Вскоре в арестантскую, гремя шашками, вошли два казака и повели задержанных в комнату станового. Там их ждал полицмейстер.
— За что попался? — спросил он у Федора.
— Не знаю.
Полицмейстер окинул Федора сердитым взглядом с головы до ног.
— Пошлите ко мне урядника! — распорядился он.
Вошел урядник Васька Тюменцев. Федору показалось, что он где-то видел эту красную откормленную физиономию с рыжей бородой и усами. Урядник стоял и ел глазами начальство, весь его вид как бы говорил: «Чего изволите?» Васька чем-то походил на оседланного мерина, готового принять на свой хребет седока. Так же, переминаясь с ноги на ногу, топтался на месте.
— Господин урядник, — с кривой улыбкой обратился полицмейстер к Ваське Тюменцеву. — Этот человек не знает, за что он попал в арестантскую. Помогите ему вспомнить.
Урядник вытянулся и рявкнул:
— Был пьян, ваше высокородие!
— Говори, откуда взял спирт? — уставился полицмейстер на Федора. — Ну?..
Федора бросило в пот. Лицо и уши запылали жаром, словно к ним поднесли раскаленные угли. Он покосился на того, из-за которого попал в беду, и увидел, что тот побелел от страха.
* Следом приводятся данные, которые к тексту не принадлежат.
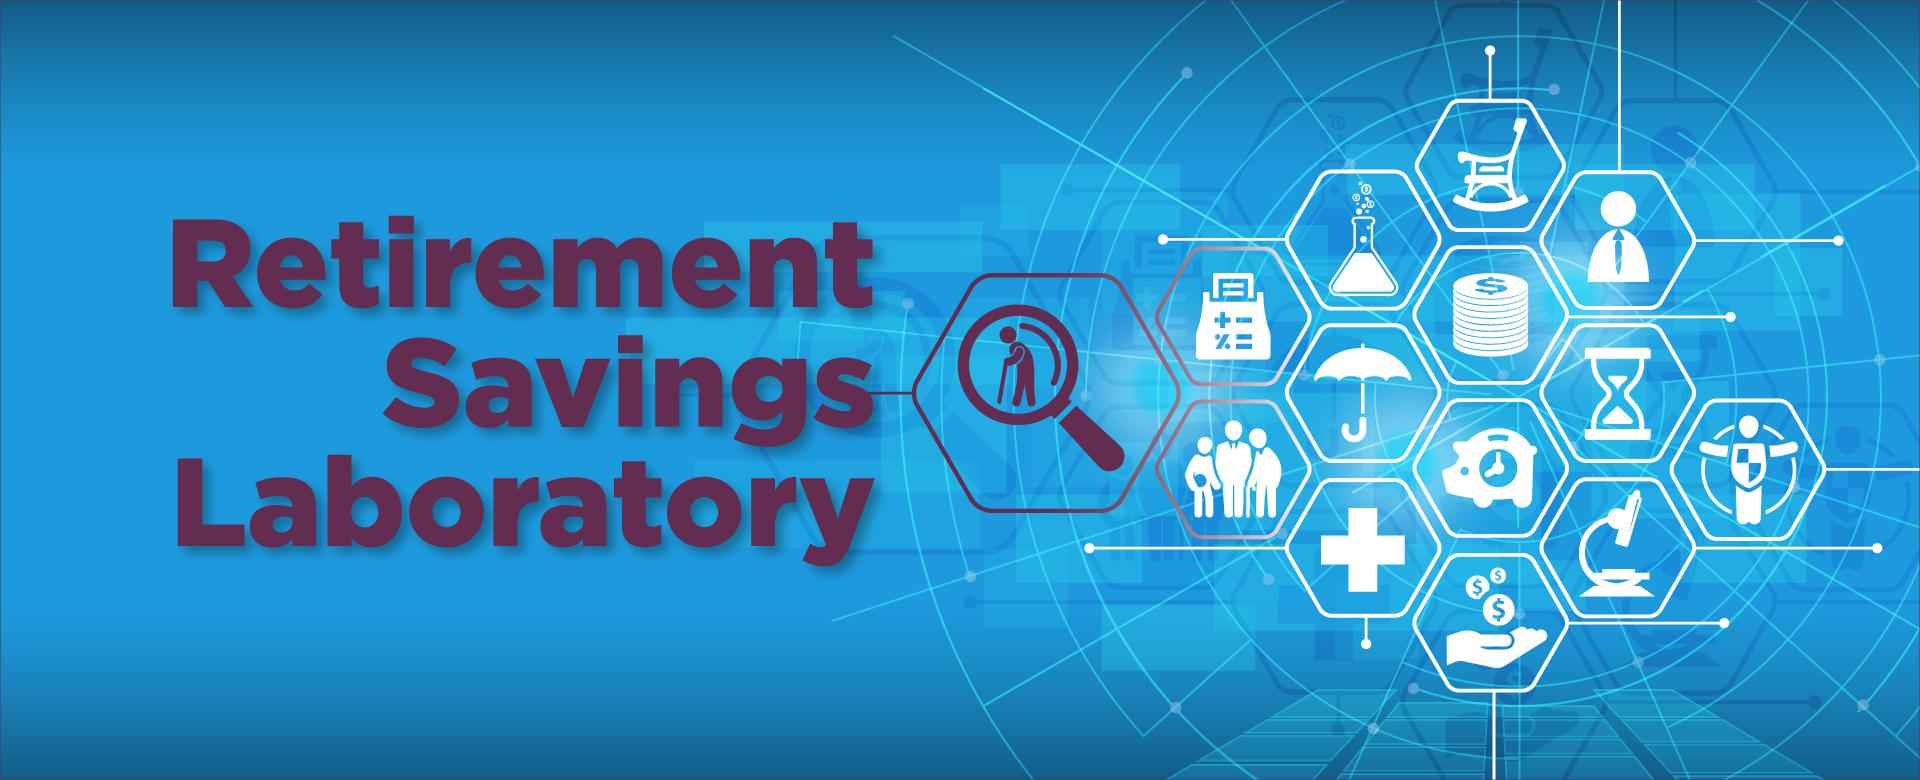 Retirement Savings Laboratory

— Я вез лес и догнал вот его…
— Он был пьян? — перебил полицмейстер. — Ну чего замолчал? Пьян?..
Федор кивнул головой — «да», но сказал совершенно другое:
— Нет.
— Трезв?
— Ага…
— Значит, ты его напоил? У тебя был спирт?
— Нет.
— Ты что заладил: «нет, нет»?
— Мы спирт нашли… он нашел, — начал лгать Федор. — Под каменным Тумурахом олени испугались коряги и шарахнулись в сторону. Он свалился с нарты, в снег. Потом вскочил, догнал нарту. В руках у него была бутылка — подобрал в снегу. Открыли бутылку, понюхали — спирт. Мы, конечно, выпили его. Что было потом — не помню.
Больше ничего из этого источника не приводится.